Process parameters during absorbent material formation have an important impact on sound absorption due to their effects on the characteristics of the absorbent mate­rial. Process parameters have been classified into production and treatment param­eter categories here. Different production and treatment processes used in biocom­posite sound absorber formation are given in Table 5.2.

5.3.3.1 PRODUCTION

The fiber component of biocomposites is mainly manufactured by web formation and bonding methods before combining with other components. Web formation can be classified into three categories:

• Drylaid system (carding or airlaying)

• Wetlaid system (similar to paper production from pulp)

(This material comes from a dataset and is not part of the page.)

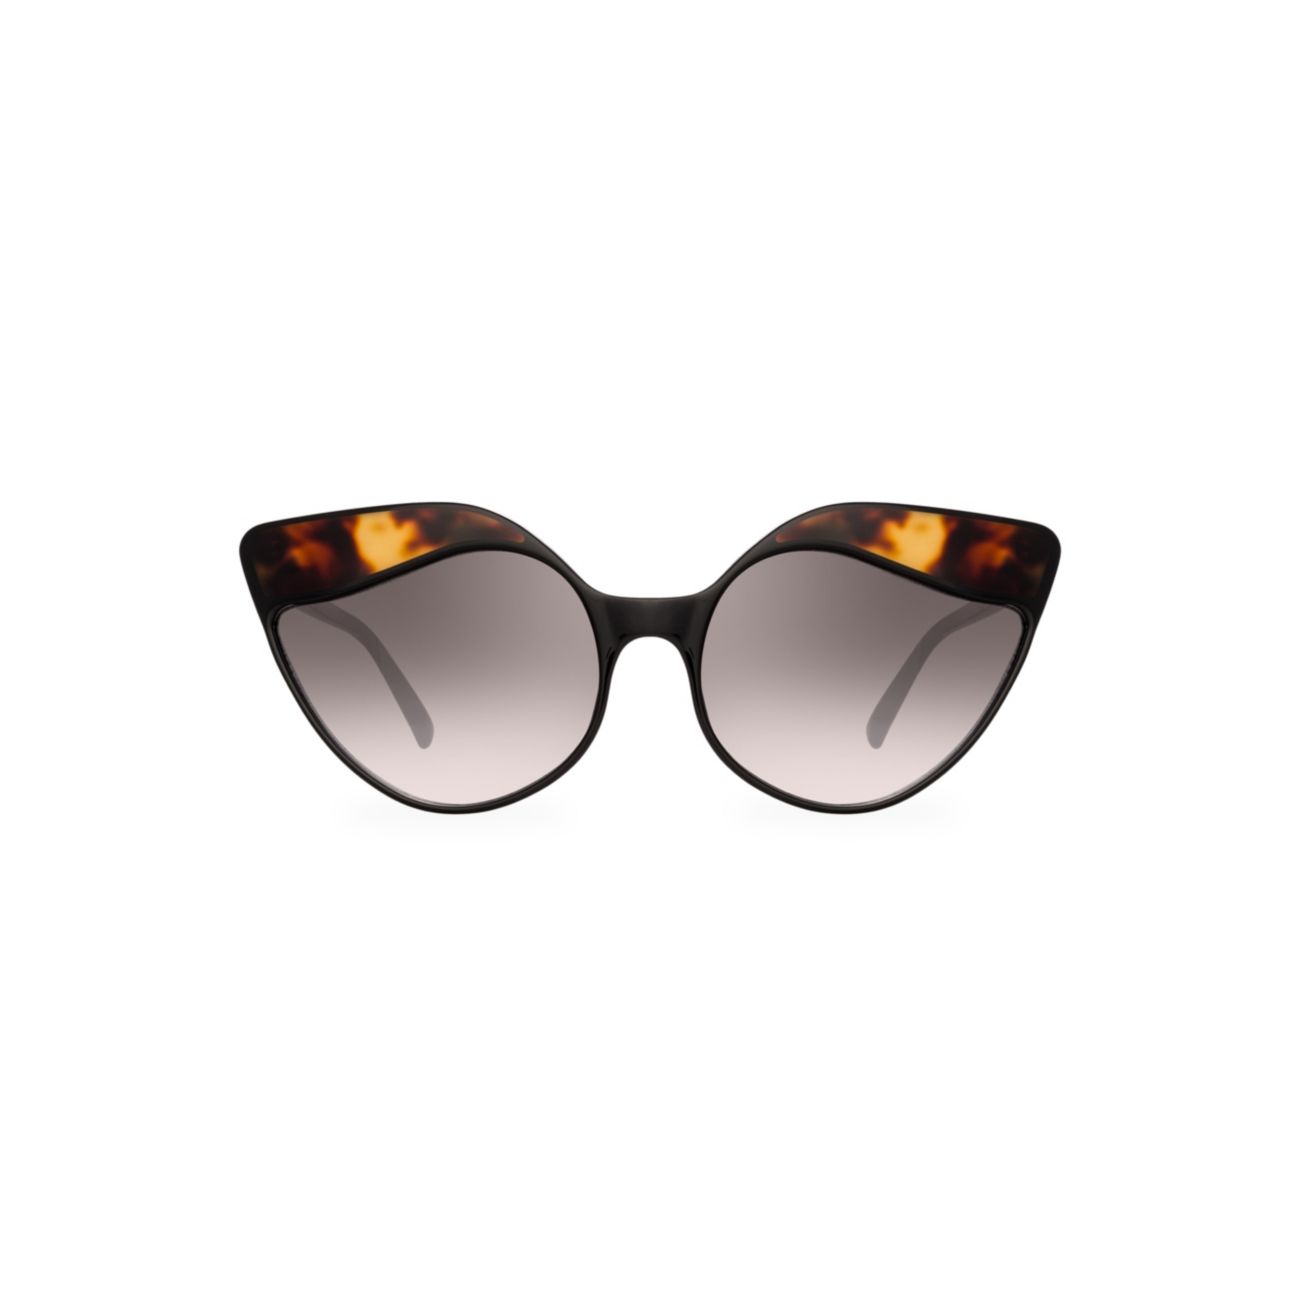 Солнцезащитные очки 871 C3 в оправе "кошачий глаз" в черепаховой оправе Linda Farrow

• Polymer-laid system (spunbonding, meltblowing, etc.).79

• There are also three classes of web bonding processes:

• Chemical bonding (use of binders)

• Thermal bonding (calendaring, through-air blowing, or ultra-sonic impact)

• Mechanical bonding (needling, stitching, water-jet entangling).27

Among web forming types, Jayaraman et al.47 report higher sound absorption for fibrous structures formed by airlaying compared to carded ones irrespective of the fiber content. This finding was agreed by the findings of Parikh et al.22. This might be due to relatively random placement of fibers, and thus, higher tortuosity, higher number of pores with smaller sizes, higher number of fiber-to-fiber contact points, and gradient in porosity due to gravity.

Among web bonding methods, for needle-punching, the factors which affect noise reduction properties are given as the number of needling passes,136 and punch­ing density80.

Genis et al.80 found that the absorption coefficient reaches its maximum at mate­rial density rw = 100 kg-m-3 for thermo-bonded polypropylene, and punching den­sity P = 28 cm2 for needle-punched polypropylene and polyamide materials in the sound frequency range of 63 to 8000 Hz, for fiber diameters between 10 to 40 pm, and material thicknesses of 3 to 20 mm. They found the absorption coefficient of their needle-punched samples to have more dependency on the frequency range compared to thermo-bonded ones; thus they have a narrower absorption efficiency frequency range. The absorption in needle-punched materials was also more depen­dent on the diameter of fibers compared to thermally bonded webs. Jayaraman et al.47 did not report a significant difference between needled and needled plus ther­mally bonded fibrous structures.